» **Exercise brief**
Copy the data below exactly, omitting any picture it contains.

[Dataset extract — start]

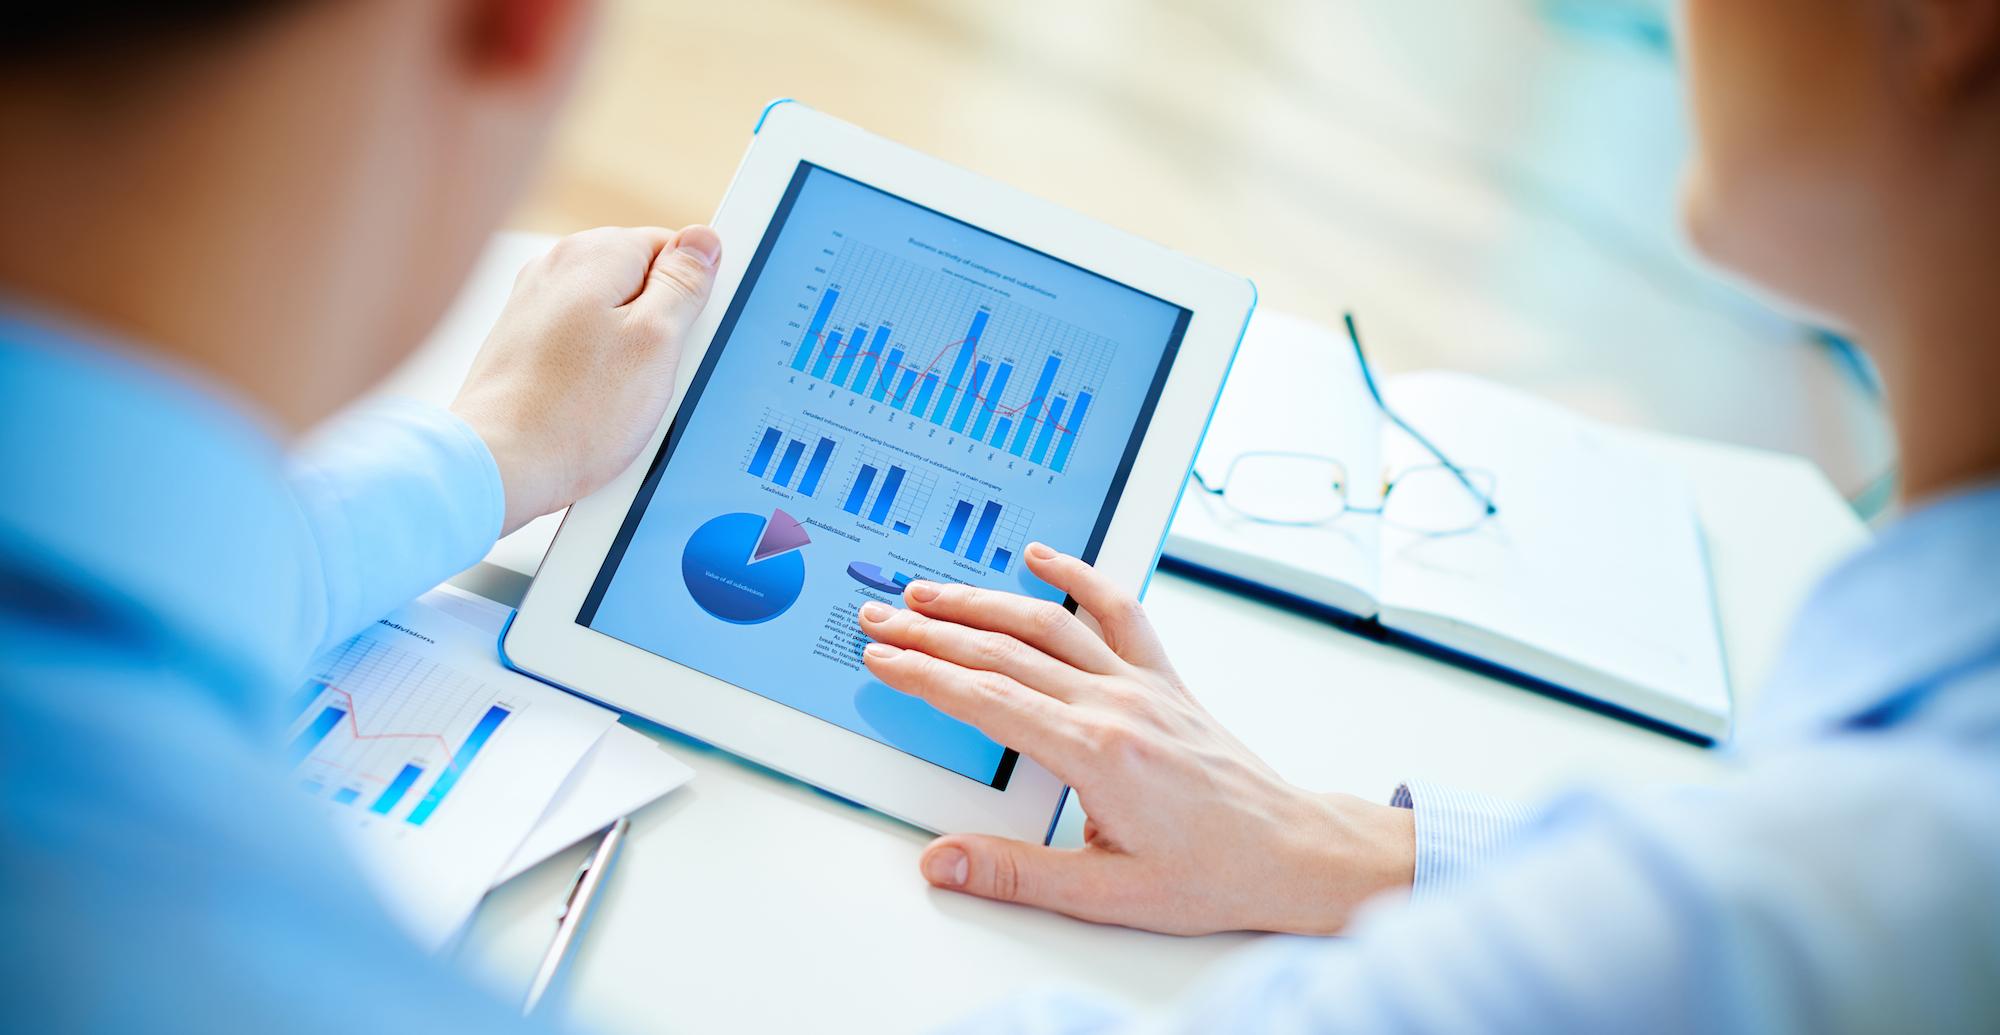 Business Information For Progress & Development
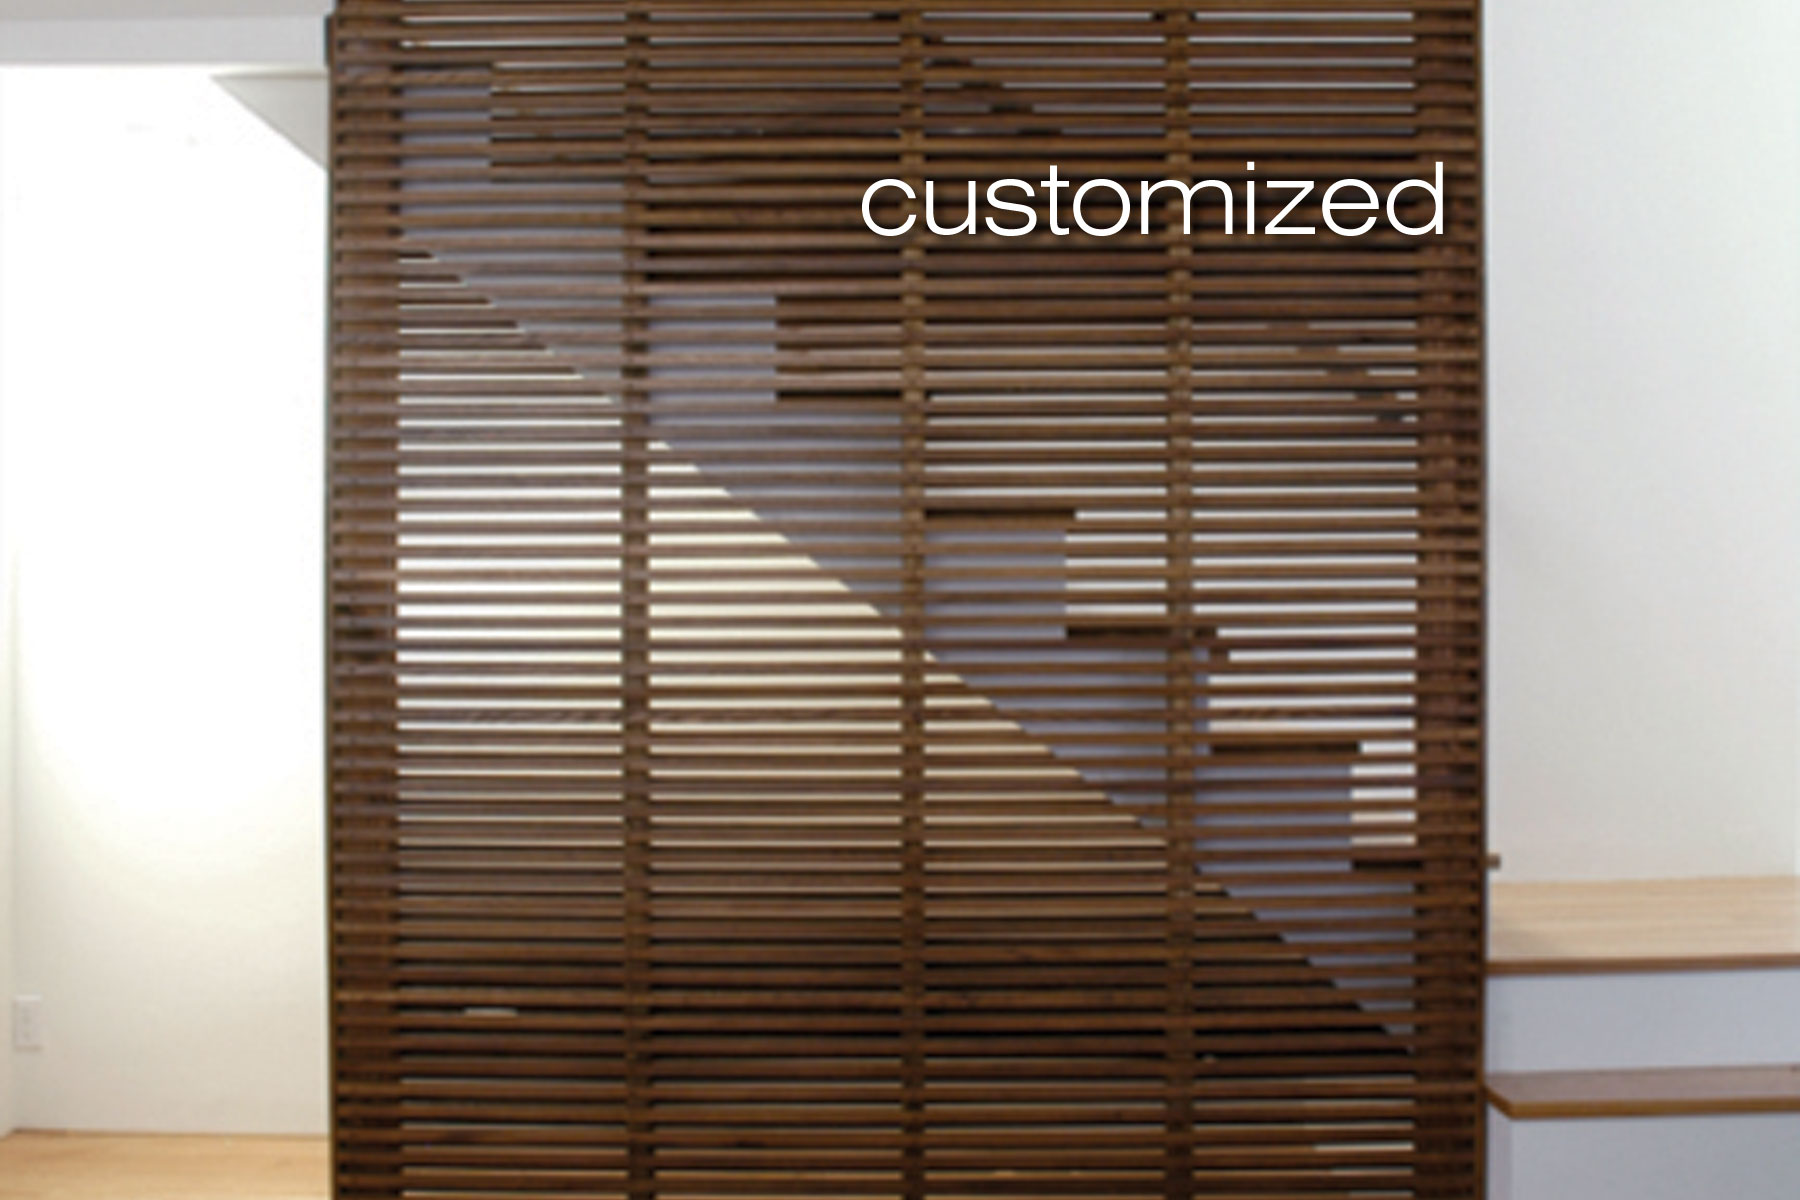 Wall-Customized.jpg
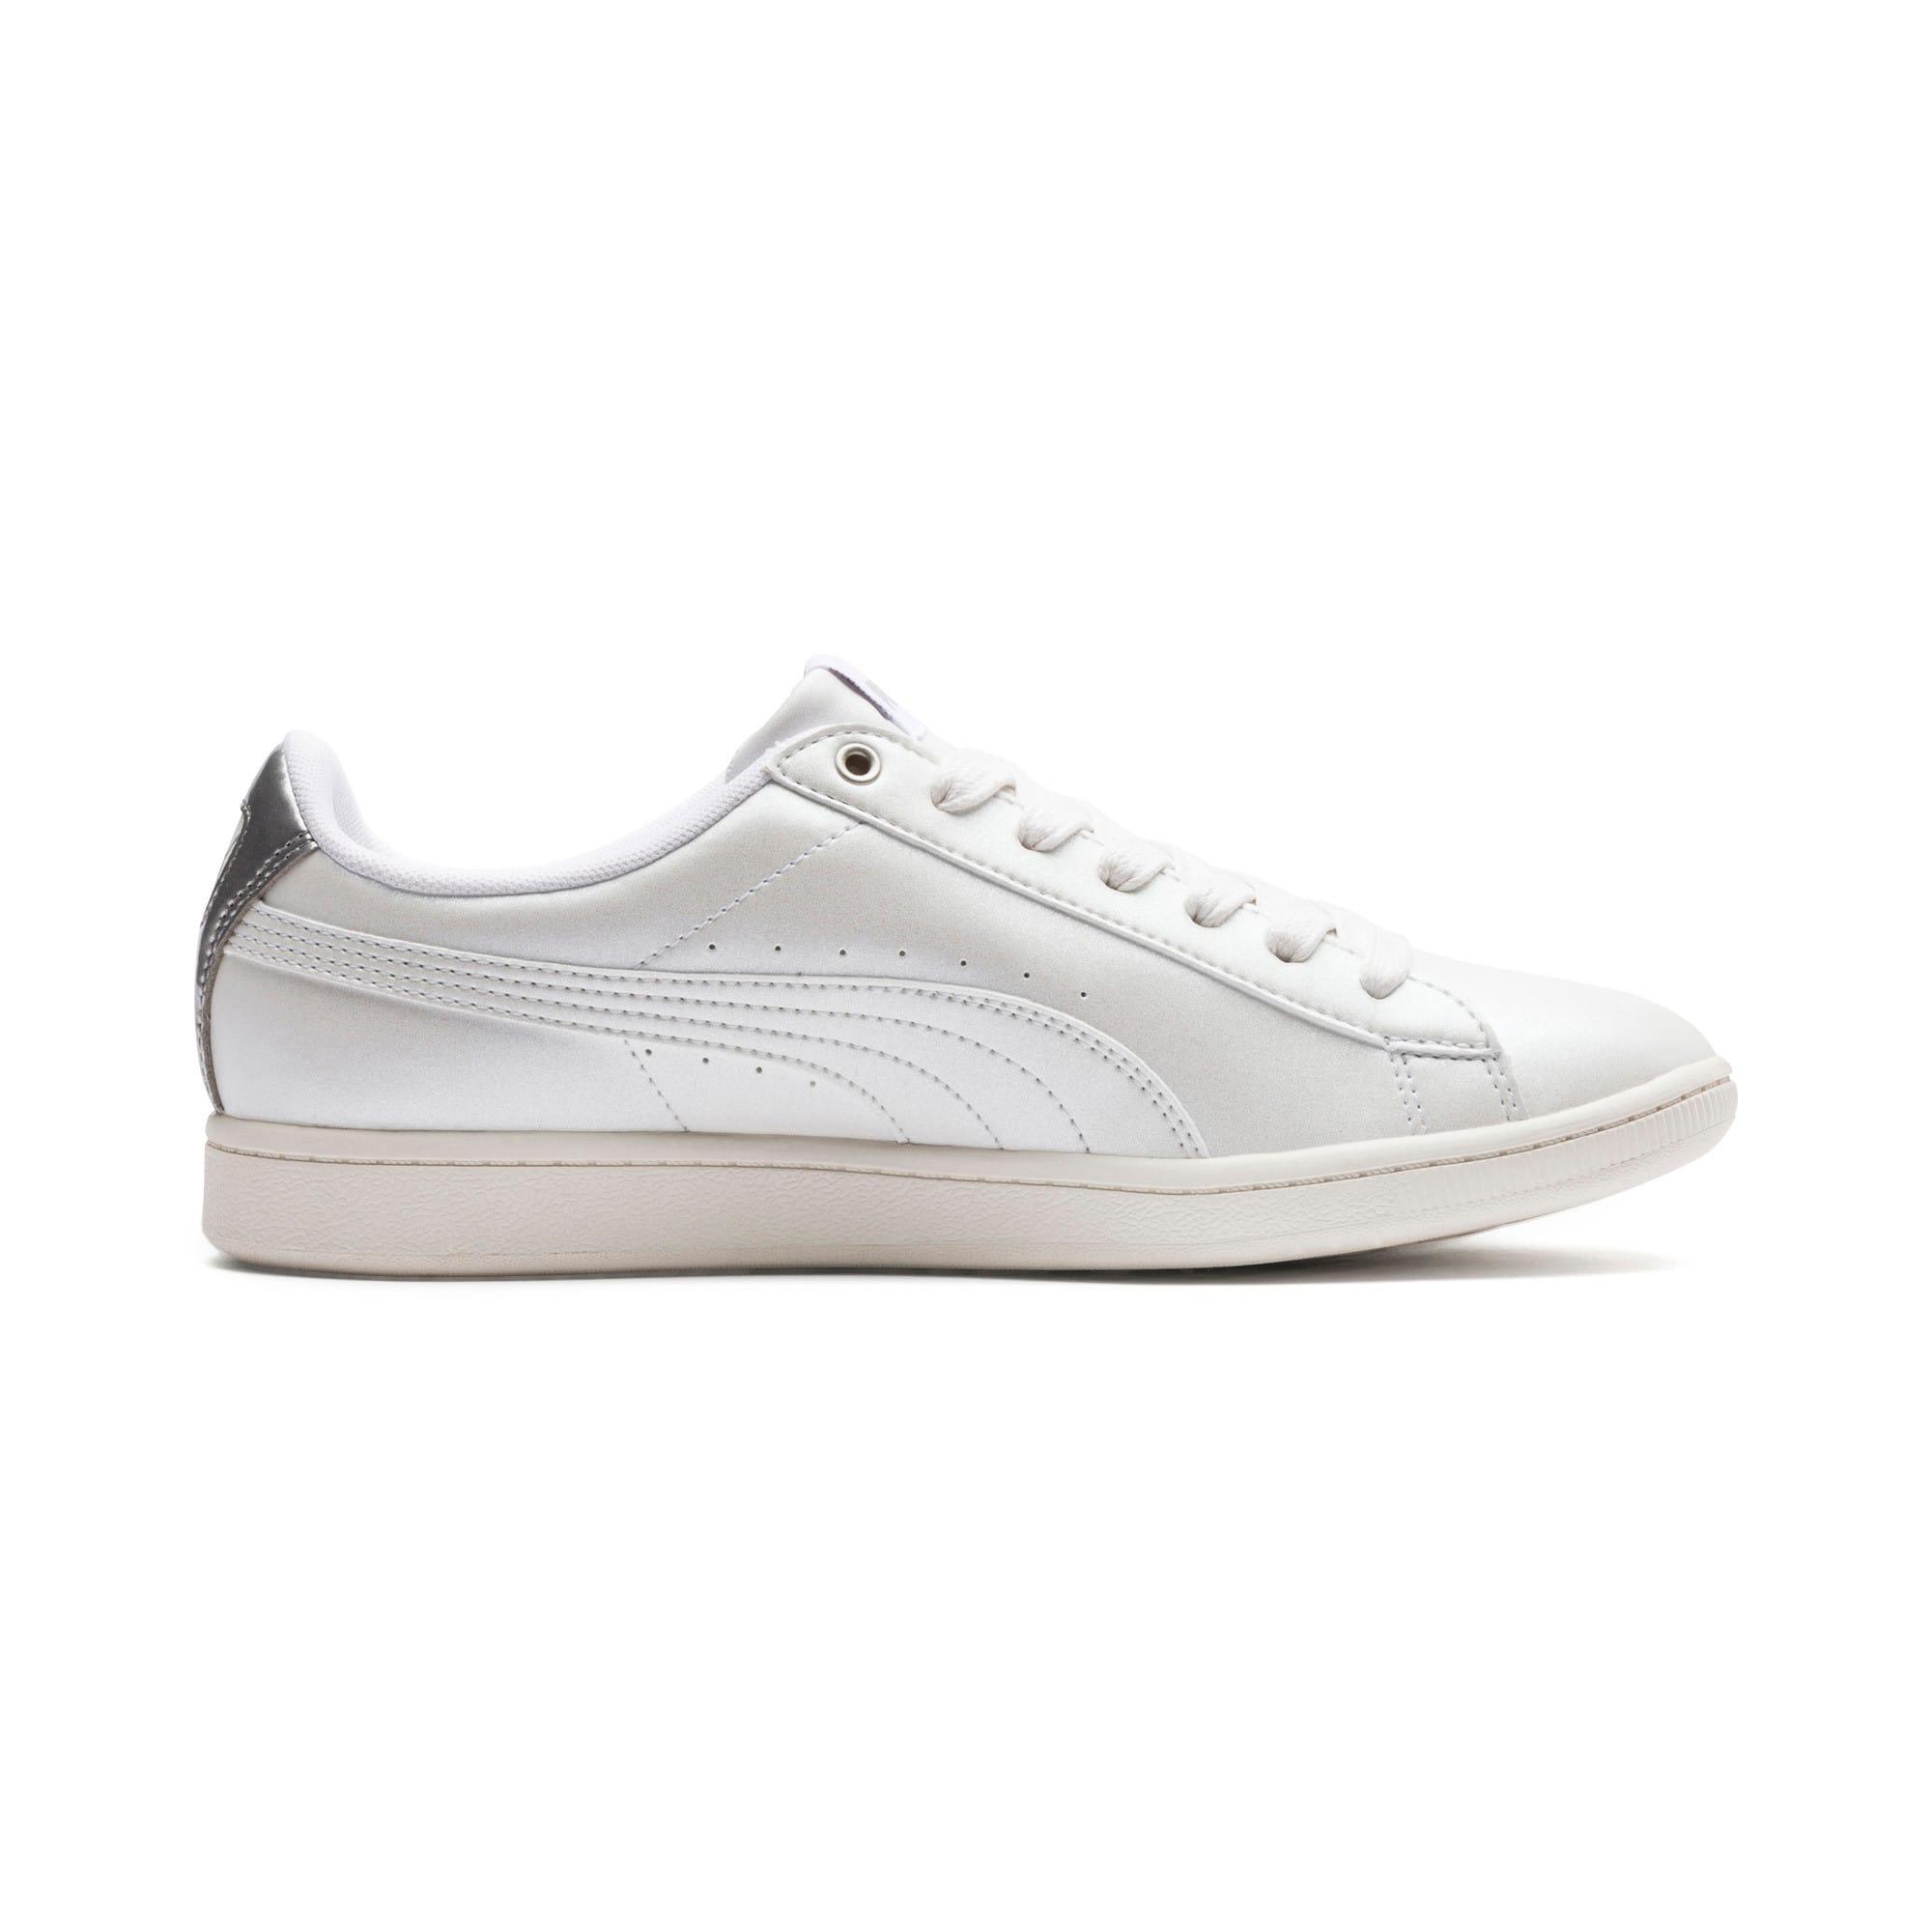 Thumbnail 5 of Puma Vikky LX Sneakers, Puma White-White-Whisper, medium

[Dataset extract — finish]

» **Answer area**
 Business Information For Progress & Development
 Wall-Customized.jpg
 Thumbnail 5 of Puma Vikky LX Sneakers, Puma White-White-Whisper, medium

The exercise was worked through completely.